What can the power of women achieve in a world run by men? Rajorshi Chakraborti’s just-released novel, Shakti, is a fast-paced story of standing up for what is right in a world going very wrong. Mind-reading, wish-granting goddesses, right-wing regimes and the everyday trials of life in a city collide.
RNZ’s Lynn Freeman talks to Rajorshi about writing fiction that challenges, entertains and takes readers into places they might never think to go. Their conversation is particularly illuminating as it explores the relationship between the superhero genre and the real-life situation in today’s India, much affected by factional and religious divides exploited by populists who hold political power.
About the author
Rajorshi Chakraborti is an Indian-born novelist, essayist and short-story writer. He was born in 1977 in Calcutta, and grew up there and in Mumbai. Rajorshi is the author of six novels and a collection of short fiction. Or the Day Seizes You was shortlisted for the Crossword Book Award in 2006, one of the best-known prizes for English-language writing in India, and has appeared in a Spanish translation entitled La Vida Que Nos Lleva.

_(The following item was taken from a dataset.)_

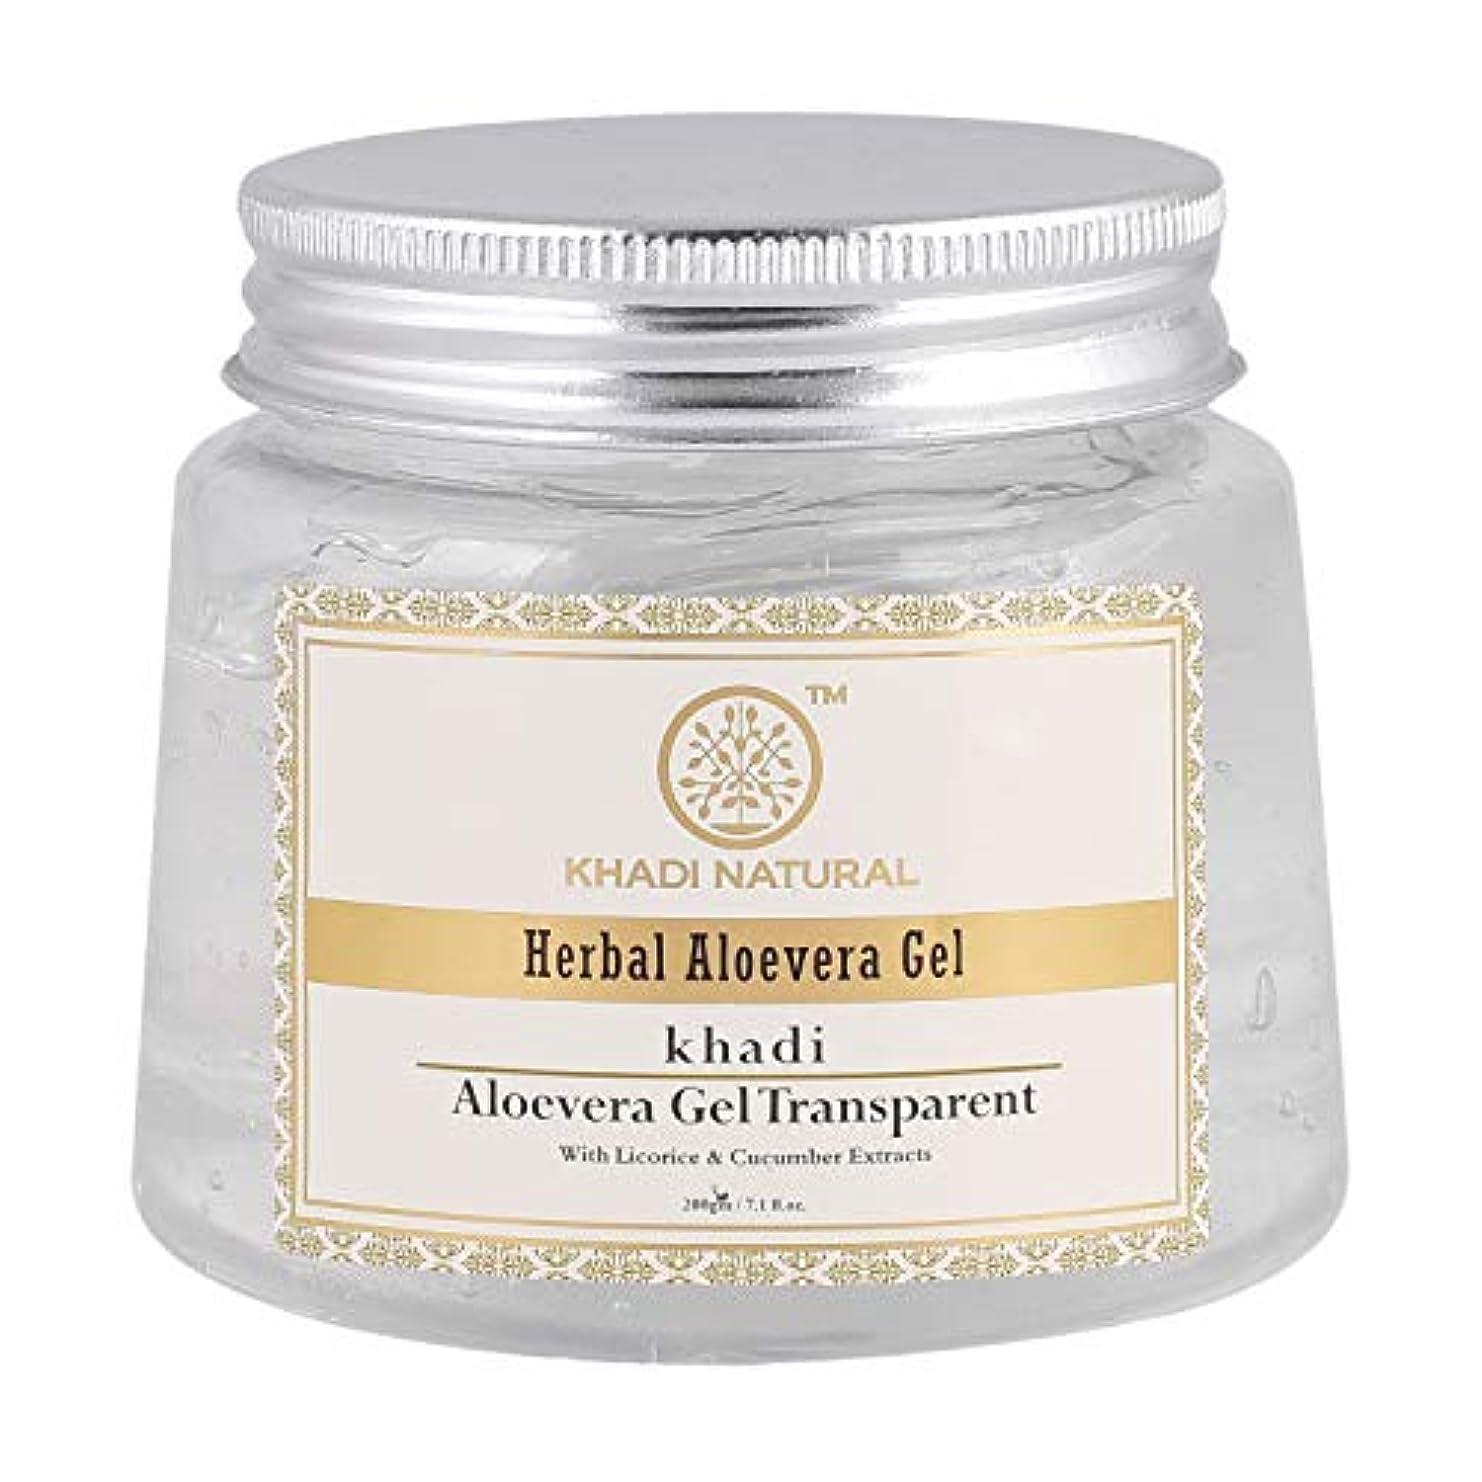 上げるアミューズ正義Khadi Natural Herbal Aloevera Gel With Liqorice & Cucumber Extracts 200g

Mumbai Rollercoaster received an honourable mention in the Children's Writing category of the Crossword Book Awards, 2011. The Man Who Would Not See was longlisted in the fiction section of the 2019 Ockham NZ Book Awards. Shakti, Rajorshi's latest novel, a supernatural mystery thriller, was published in February 2020.
This audio was recorded in partnership with the Writers programme at the 2020 New Zealand Festival of the Arts in Wellington.